Is this a correct summary of your request?

Yes, I confirm this summarise.

am I correct in assuming that it is pages that are patrolled, not specific revisions?

As I understand (RCFeed / recentchanges’ schema), it’s revisions which not patrolled automatically (autopatrol).

do we actually have this information? This one seems a little sketchy

Hmm. API: usprop=gender.

fdans triaged this task as Medium priority.Jan 28 2021, 5:43 PM
fdans moved this task from Incoming to Event Platform on the Analytics board.

If recentchange has exactly the same data for edits as revision-create apart from these changes, I would be OK with it not having performer array, otherwise I would also prefer having performer array there. I can’t check this right now myself, but not having old revision length would’ve been a definite issue. (Not as in matching data keys, but as in all major data being present in both streams.)

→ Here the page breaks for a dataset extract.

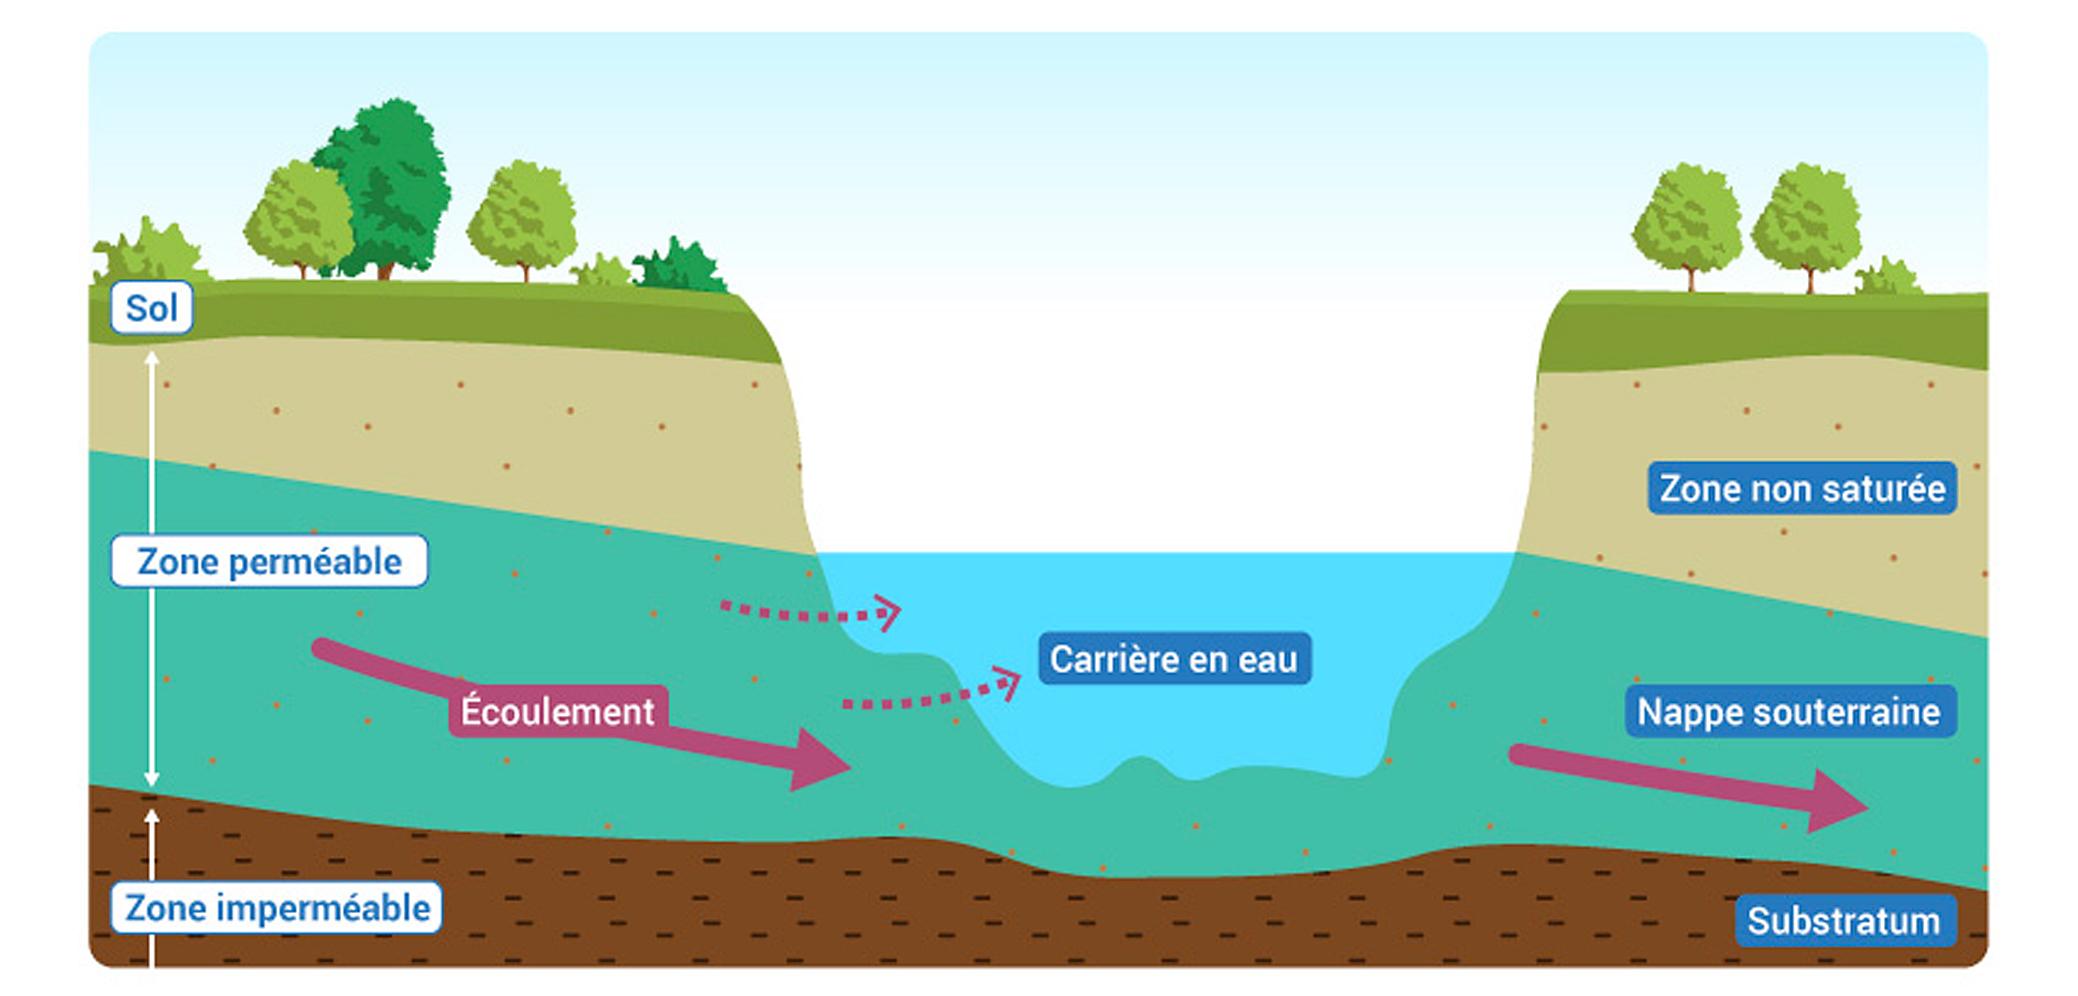 Le remplissage des carrières par les eaux souterraines

Hey, Can we get any updates on this please? @Ottomata @Pchelolo

There isn't a lot of priority around this, but there is talk about making revision-tags-change public in T280538: Capture rev_is_revert event data in a stream different than mediawiki.revision-create.

I'm not sure, but https://gerrit.wikimedia.org/r/c/679353 may make it not possible to get the patrolled information in revision-create.

If anyone wants to try to augment revision-create with this information, we'd certainly accept some patches! The code that creates this event is in the EventBus extension (but note that the linked function is about to lose the EditResult parameter).